The flowchart begins at block 305 where, optionally, a determination is made as to the documents needed for the order. This determination may be made in addition to, or as an alternative to, the determination made at block 210 of FIG. 2, as described above. The flowchart also includes, at block 310, optionally selecting whatever classification engine(s). The one or more classification engines may be selected, for example, based on the order type, based on the prompt form which the document was received, or the like. In some embodiments, the classification engine(s) may be based on additional contextual clues, such as a location of the user, in order to provide location-specific classification of a document. The classification engine(s) may be individually trained for particular circumstances. For example, state-specific models may be used to identify state-issued identification documents, or the like.
The flowchart proceeds to block 315, where the received document is applied to a classification engine to obtain a classification and classification confidence value. In some embodiments, classifying the received documents may include verifying that the document received matches a classification type associated with the user interface. Alternatively, a document may be received without an indication of the classification and may be processed to determine a classification type. In some embodiments, the classification may be performed by one or more machine learning models which are trained on documents used for transactions, such as the particular order type, or orders more generally. The classification engine(s) may include one or more machine learning models configured to classify documents being uploaded by a user. The classification engine(s) may also include a model trained on training data that includes documents used in transactions that have been preclassified, or for whichever classification has been verified. For example, a neural network may be used, or any other kind of model configured to ingest a document, to provide a classification for the document. In some embodiments, the classification model may be trained on documents used in a particular industry, service type, or the like. In addition, the classification may be configured to provide a confidence value for the classification. In some embodiments, a single model may generate the classification and the confidence value. Alternatively, a separate technique may be used to determine the confidence value. For example, the confidence value may be determined as to the likelihood that the document could be classified by the classification engine(s). The confidence value may indicate a likelihood that the classification is correct for the document.
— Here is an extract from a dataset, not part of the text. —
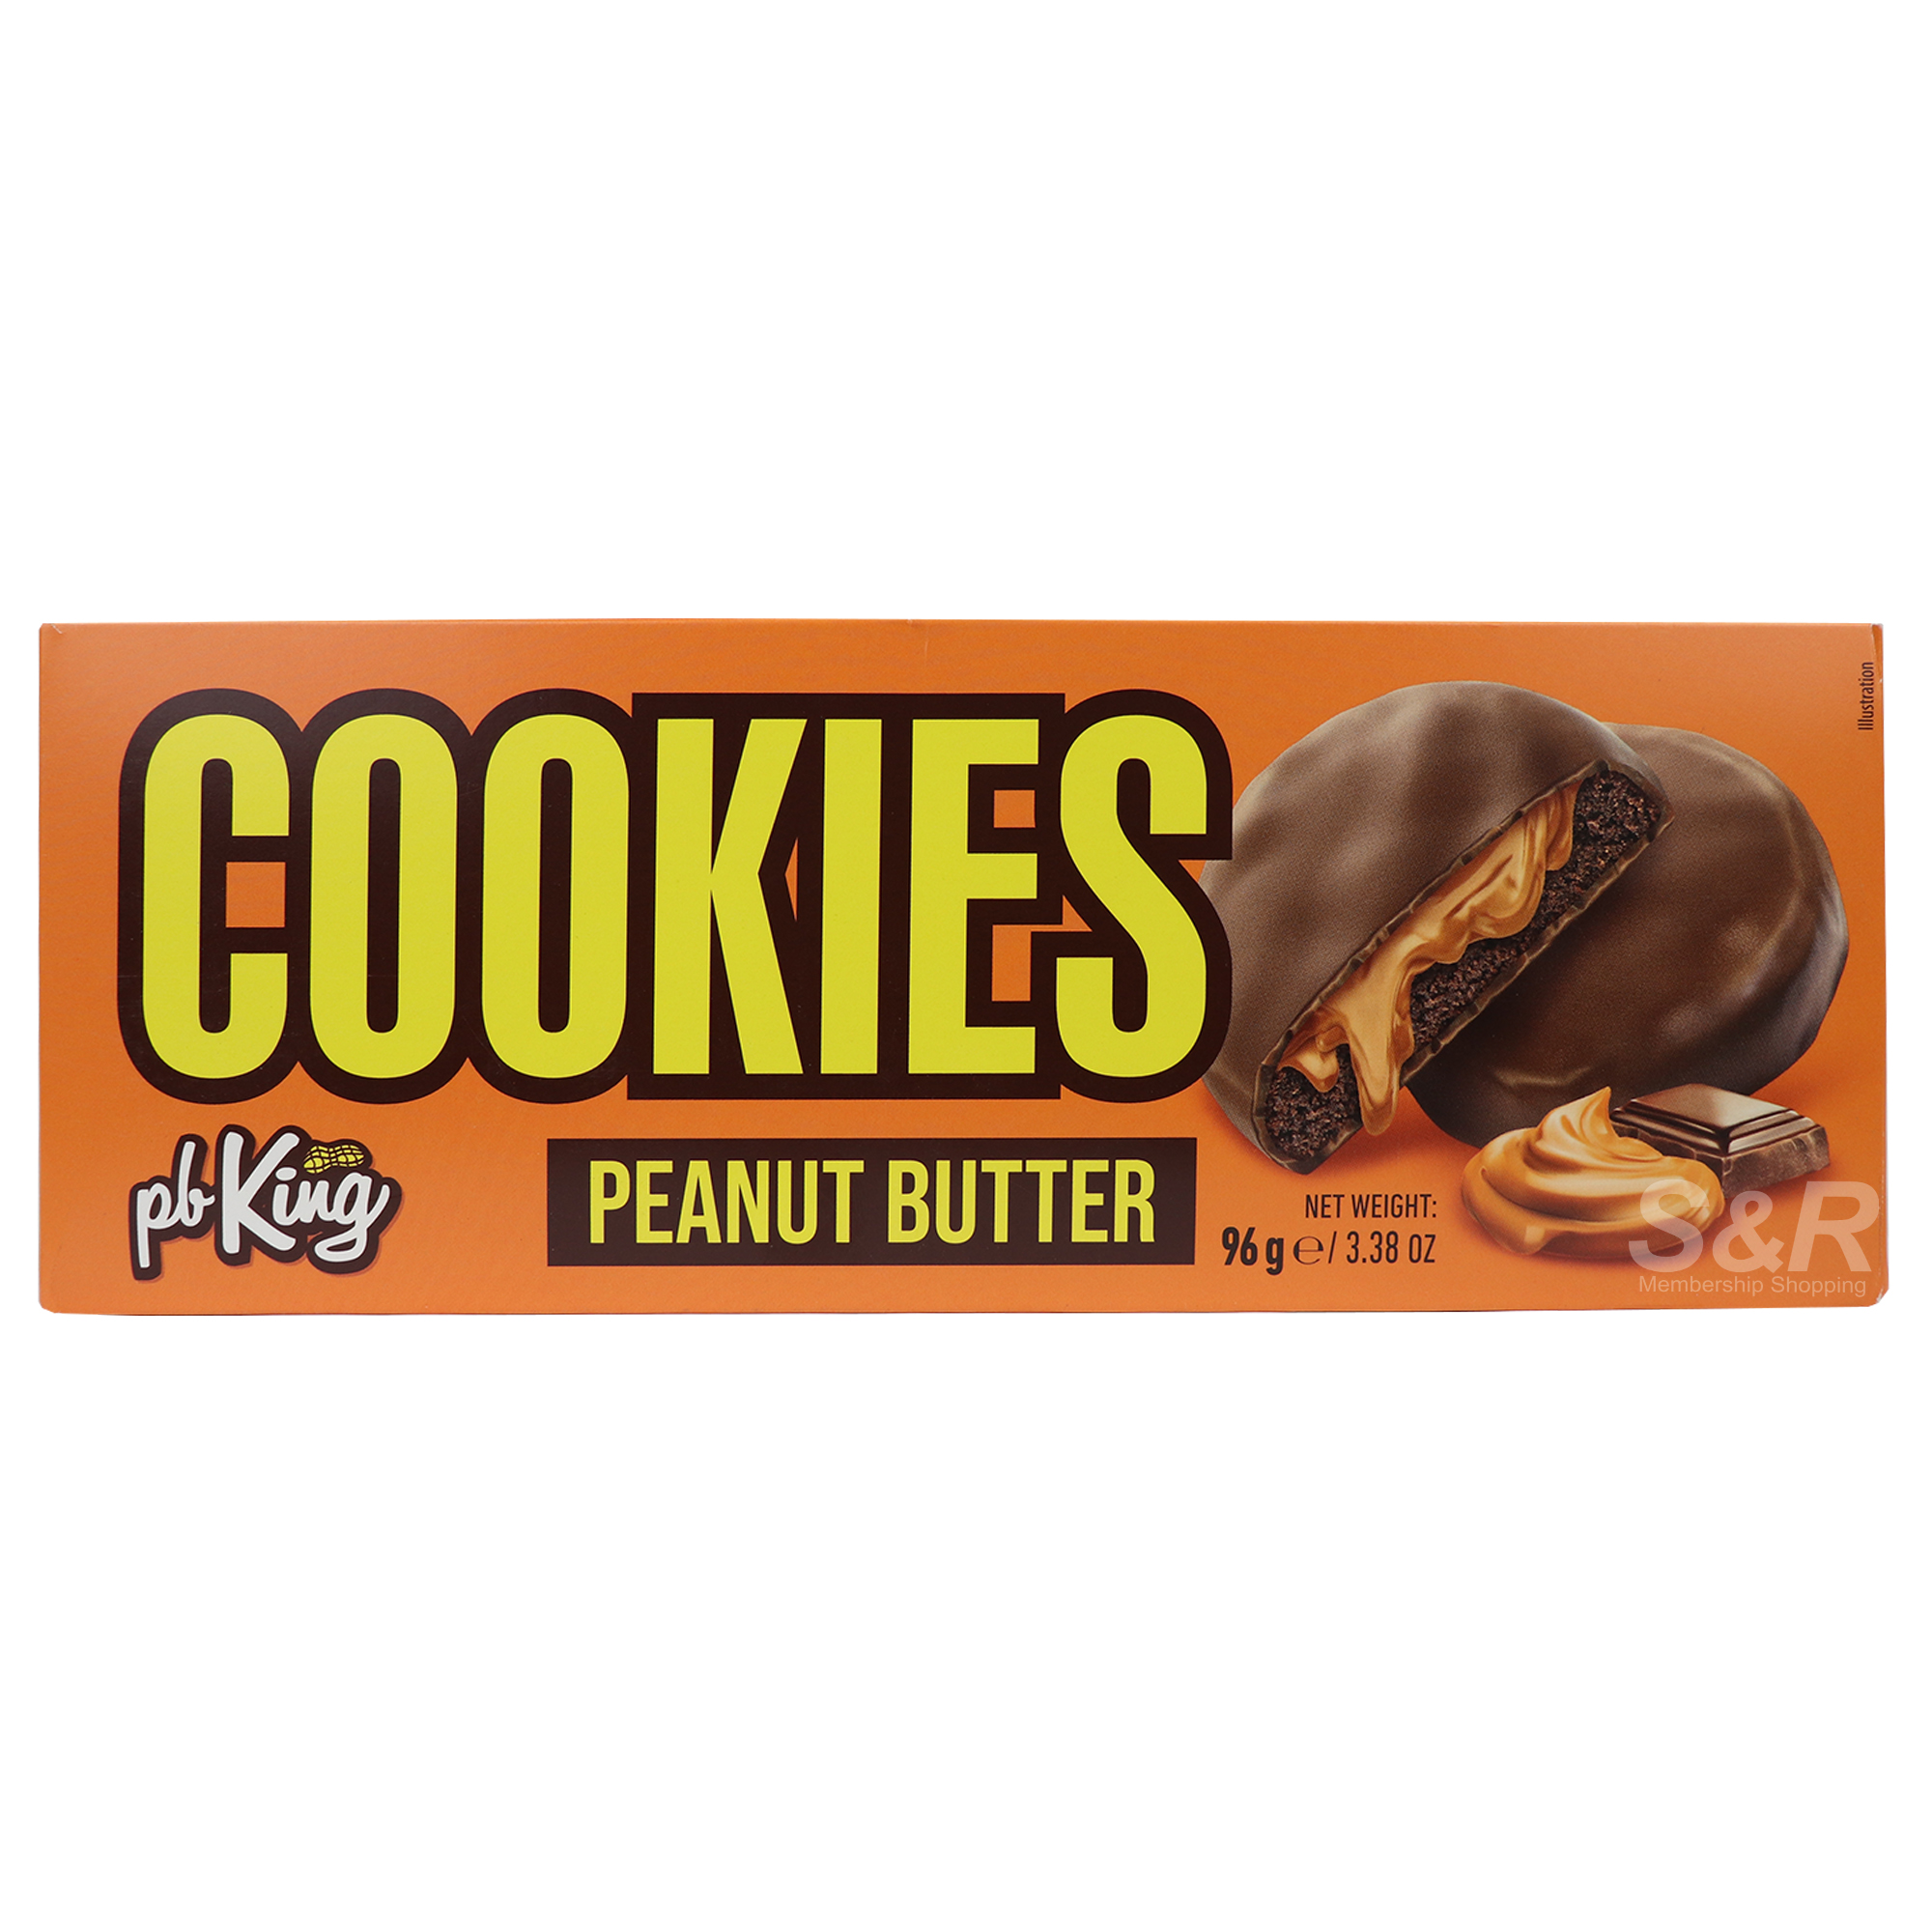 PB King Cookies Peanut Butter 96g

The flowchart proceeds to block 320, where the classification and classification confidence values are applied to an acceptance engine to obtain classification verification. For example, a classification verification module may be configured to ingest the document classification and the confidence value from the classification engine(s), to determine whether or not to accept the document. In some embodiments, the classification verification module may be a trained model, a set of heuristics such as a rule set, or the like. The classification verification module may compare the confidence value for the provided classification against a predefined or dynamic threshold value to determine whether to accept the uploaded document. For example, the threshold value may be tuned based on various factors, such as the type of document being uploaded, an override frequency for the classification, and the like.
A determination is made at block 325 as to whether the document classification is verified. The determination may be verified based on an acceptance or rejection from the classification verification at block 325. If the classification is verified, then the flowchart concludes at block 340, where the document and classification are provided to an extraction engine so that order data can be extracted from the document, as described with respect to block 230 of FIG. 2. The extraction process will be described in greater detail below with respect to FIG. 4.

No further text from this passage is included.